А неуемное движение вокруг меня провоцировало на соитие с праздником жизни. Догнав группу по зачетам и домашним заданиям, заработав авторитет у преподавателей ВУЗа, спустя полтора месяца упорного труда я позволил себе, наконец – то, участие в праздниках. Влившись в команду окончательно, имея навыки игры не только на гитаре, но и в карты, мне ни разу не довелось «быть гонцом на мотор», где за 10 рублей продавалась водка, что стоила в магазине 5,30 или 4,70. Таксистские спекулянты нами нещадно наказывались шулерством купюр. Бралась пачка рублевок, с участием трешки (3 рубля) Сумма скручивалась в рулончик, и, при передаче спекулянту (если в ответ следовал жест по передаче спиртной емкости) парни рвали с места, и догнать гонца мог только подготовленный водитель, которого не интересовала судьба оставшегося у бордюра тротуара авто. К чести сказать меньше стоимости водки сумму мы не отдавали. И себестоимость продукта всегда окупалась обманутым нами таксистом. Мы были в меру честными.

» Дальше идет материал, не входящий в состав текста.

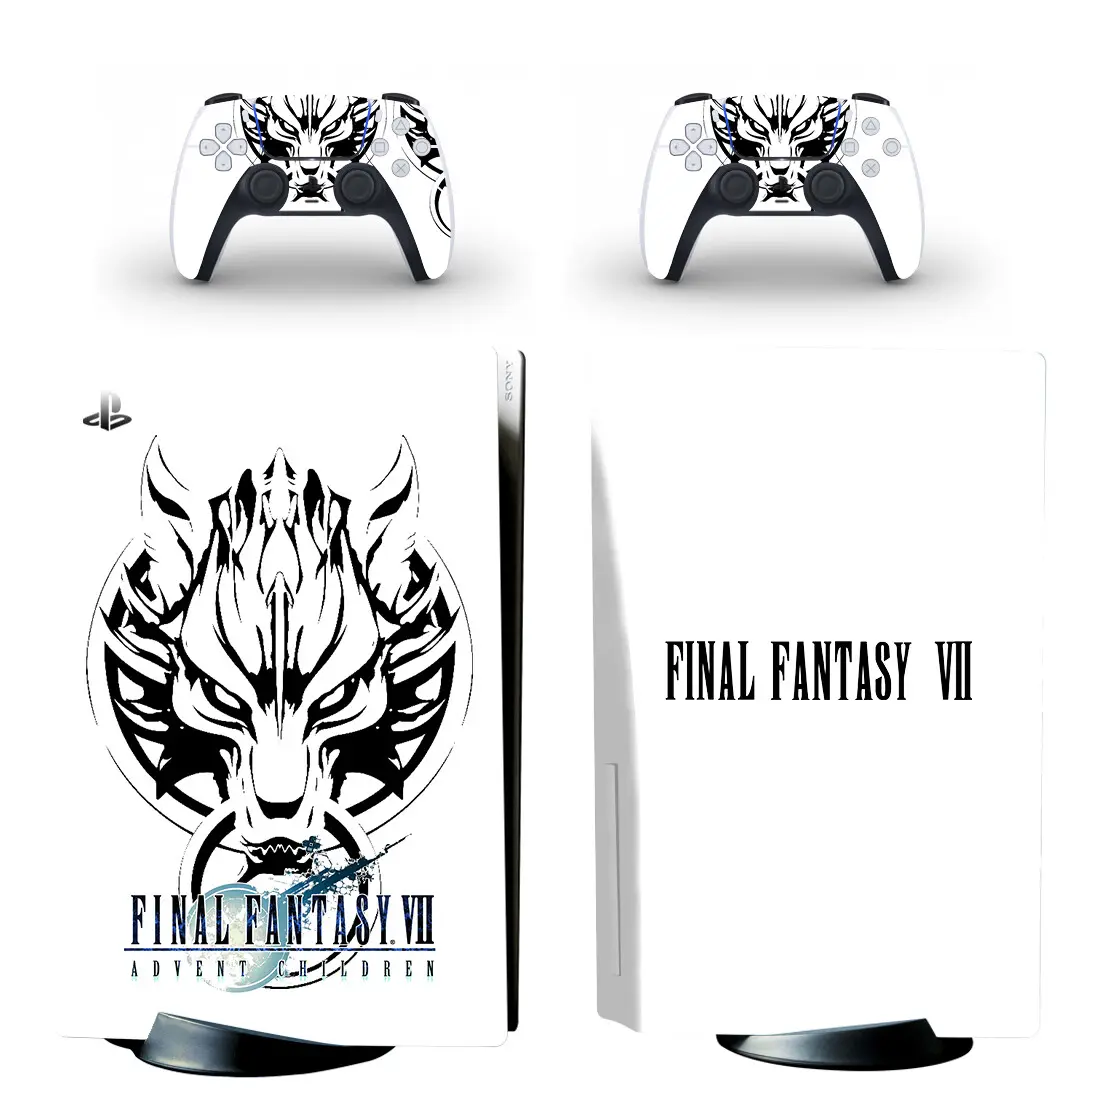 Classic Game Sticker Skin Decal Cover Case for PS 5 with Disc Drive Console and PS5 2 Controllers Vinyl Skin

Выпивали мы всегда весело, не навязчиво, и со вкусом. Были издержки, но в подавляющем большинстве случаев вели мы себя интеллигентно. Пели песни под гитару, устраивали невероятные конкурсы и споры, при всем этом не забывая об учебе. И, надо отметить, троечников в нашей среде не было. Парни, отчисленные с «рабфака» за нарушение поведения во время каникул, поступили на общих основаниях и с успехом получили впоследствии диплом о верхнем образовании.
Я выиграл не одну бутыль спиртного в споре, что «достану задницей потолок в коридоре общаги». Суть сводилась к банальной тренировке рук, ног и пресса. Упираясь в стену руками, а в противоположную ногами я вскарабкивался к потолку очень легко. С каждым «восхождением» все быстрее.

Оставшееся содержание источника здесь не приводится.